Again, the primary purpose of my comment was to suggest the advantages of a consequentialist approach to private property, using Aristotle's approach as a classic example. In no way was I trying to rewrite Aristotle or cite him as an ideal (just as Professor Anderson in no way thinks of Locke as ideal).

My three points: (1) On a consequentialist approach to private property, poverty and disparaties in wealth are directly seen as evils that need to be rectified. Aristotle in II.5 clearly registers this line of thought. However, on a Lockean rights-based approach, any rectificatory measures must be justified indirectly via securing consent from the rights holder.

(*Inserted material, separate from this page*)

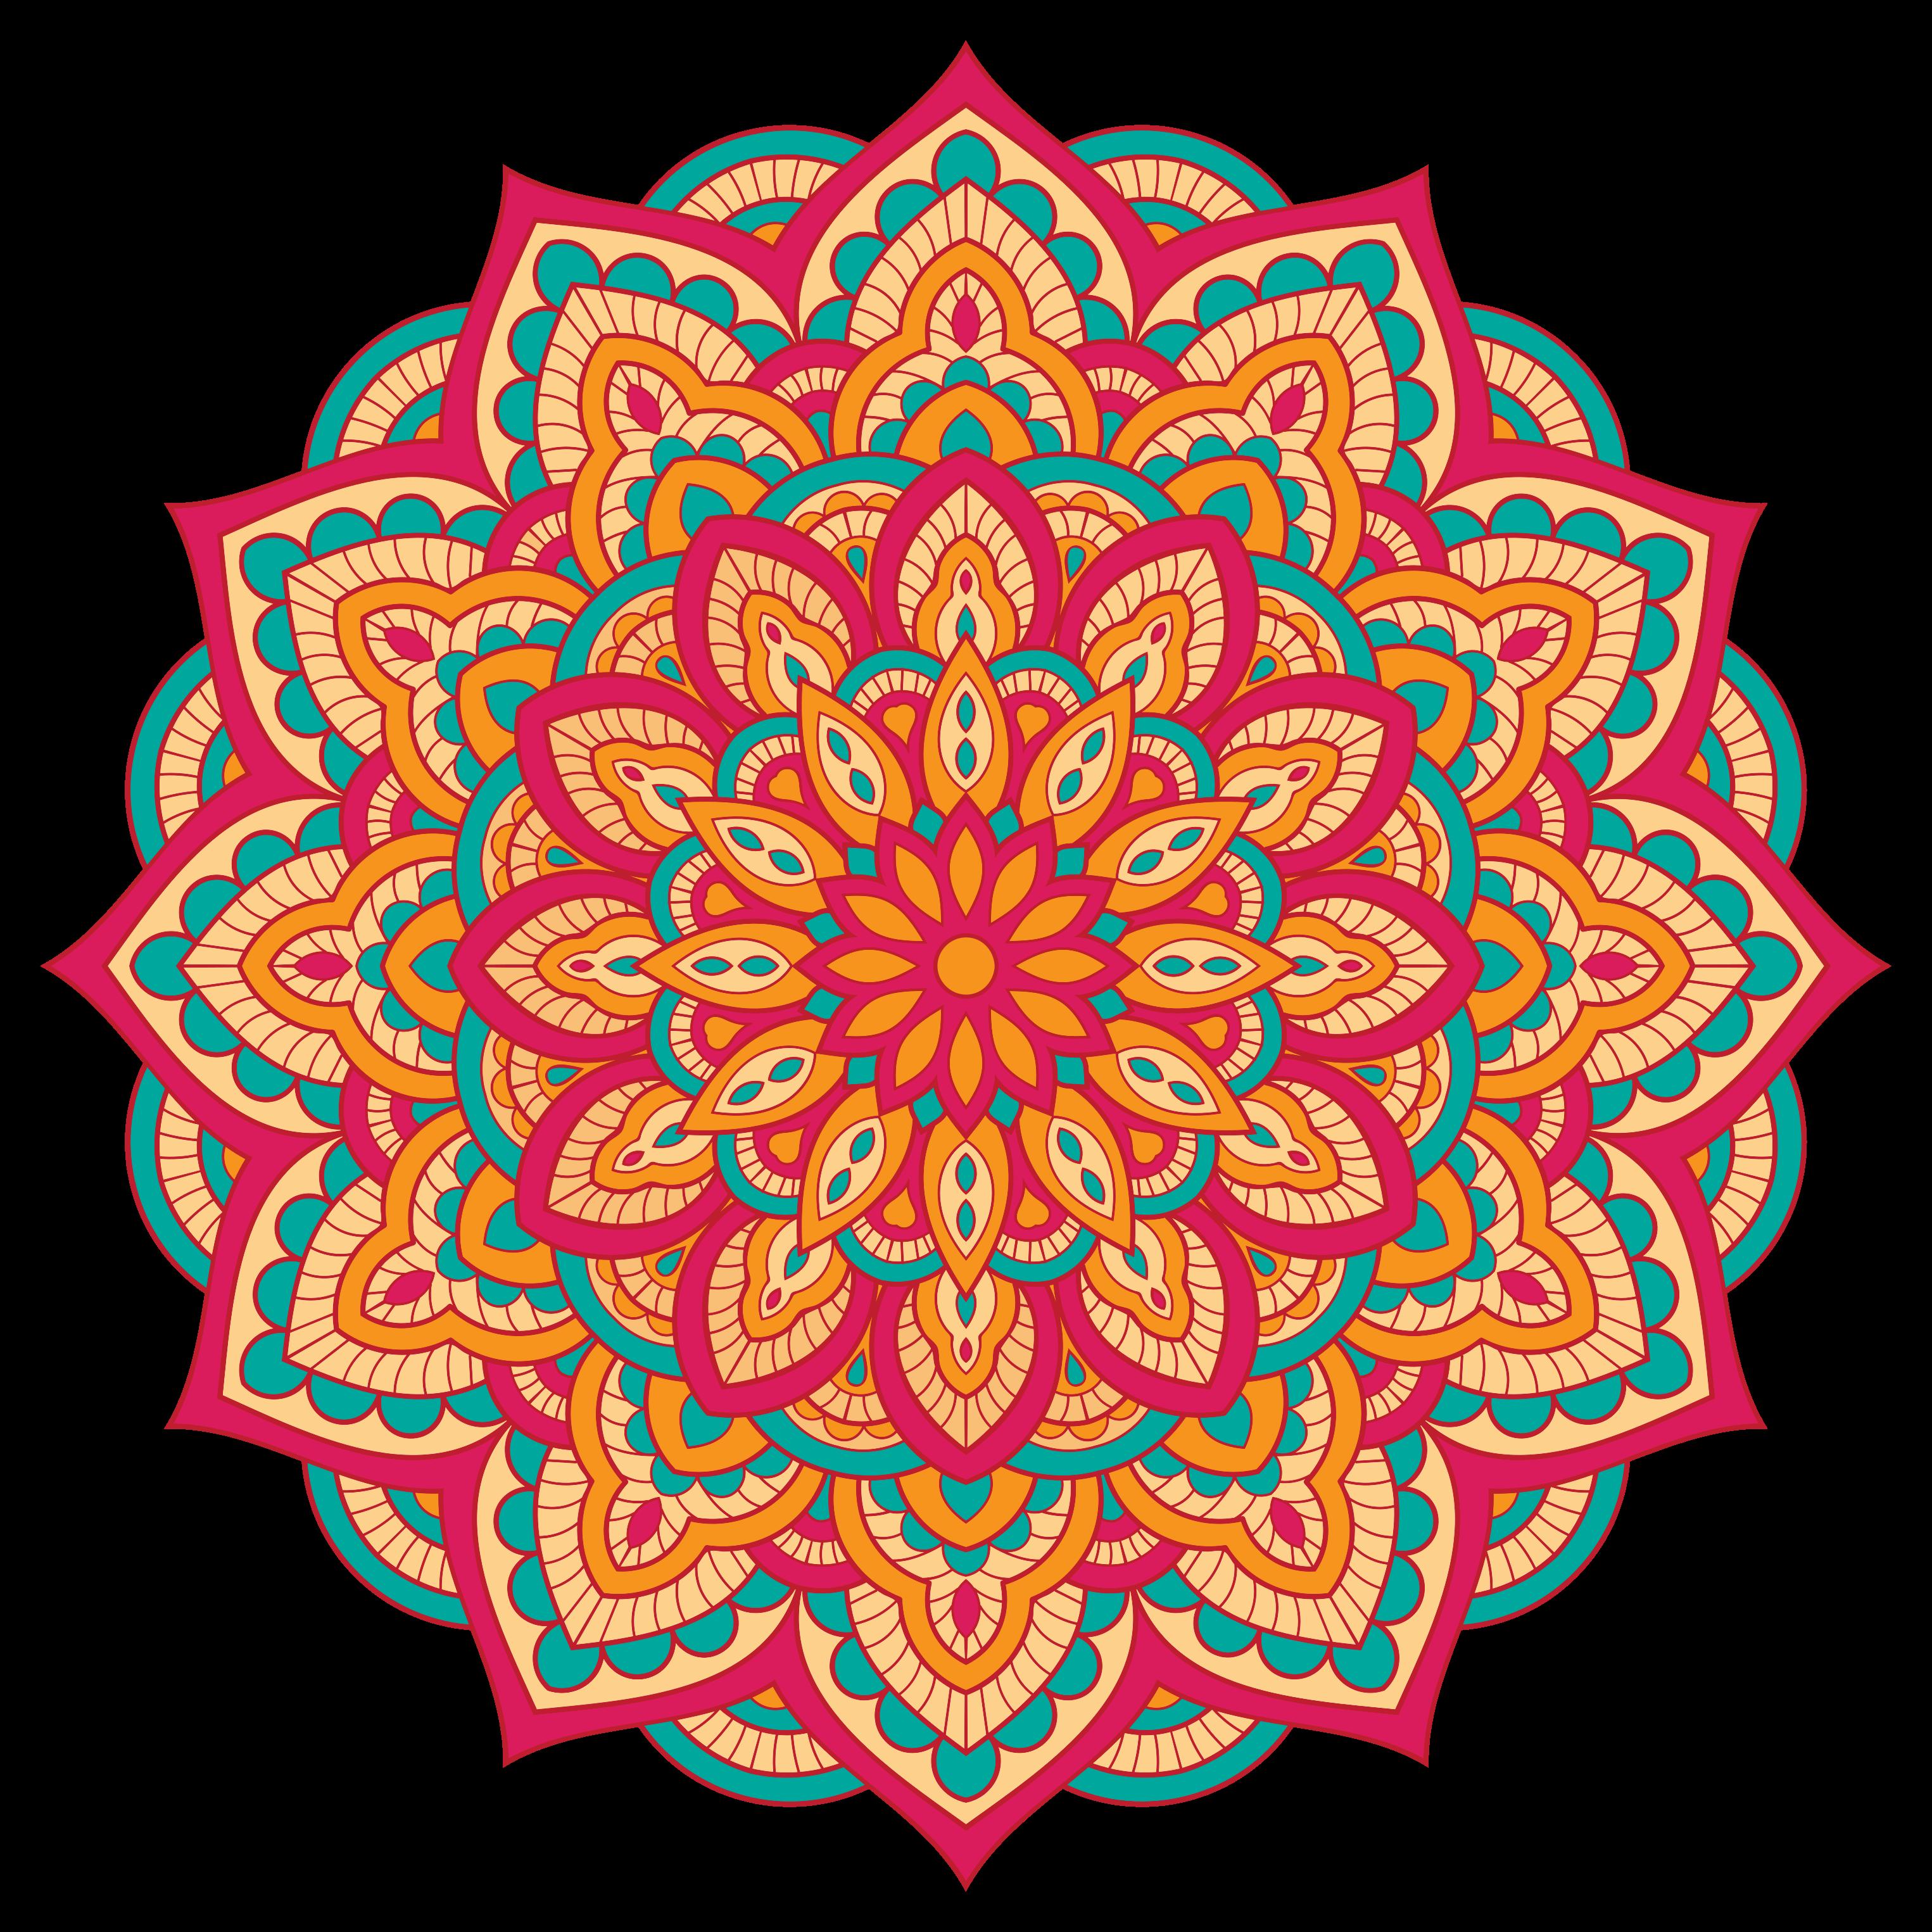 TenStickers. πολύχρωμο χαλί μάνταλα. ένα πολύχρωμο σχέδιο με μάνταλα σε πολλά χρώματα που θα γεμίσουν το σπίτι σας, το σαλόνι σας, το υπνοδωμάτιο ή την τραπεζαρία σας με μεγάλη χαρά.

(2) Aristotle's view of human nature and the human good gives due weight to the importance of respecting individual autonomy with respect to private property. So his approach avoids the traditional objection against consequentialist theories that they fail to respect autonomy.

(3) Here's what I take to be an Aristotelian view: For the sake of promoting the common good, people should be free to own private property and pursue wealth, but that pursuit and ownership should be moderated to avoid the negative consequences of poverty and gross disparities in wealth.

I agree with (3). I hope you do too. More importantly, I hope you see that we can embrace (3) as an Aristotelian ideal without endorsing slavery.

[I'm sorry if I've taken the discussion off track. My primary purpose was to question the use of the Lockean framework as the single way to approach the question of private property.]

Posted by: David Johnson | Mar 13, 2005 11:26:37 PM


The comments to this entry are closed.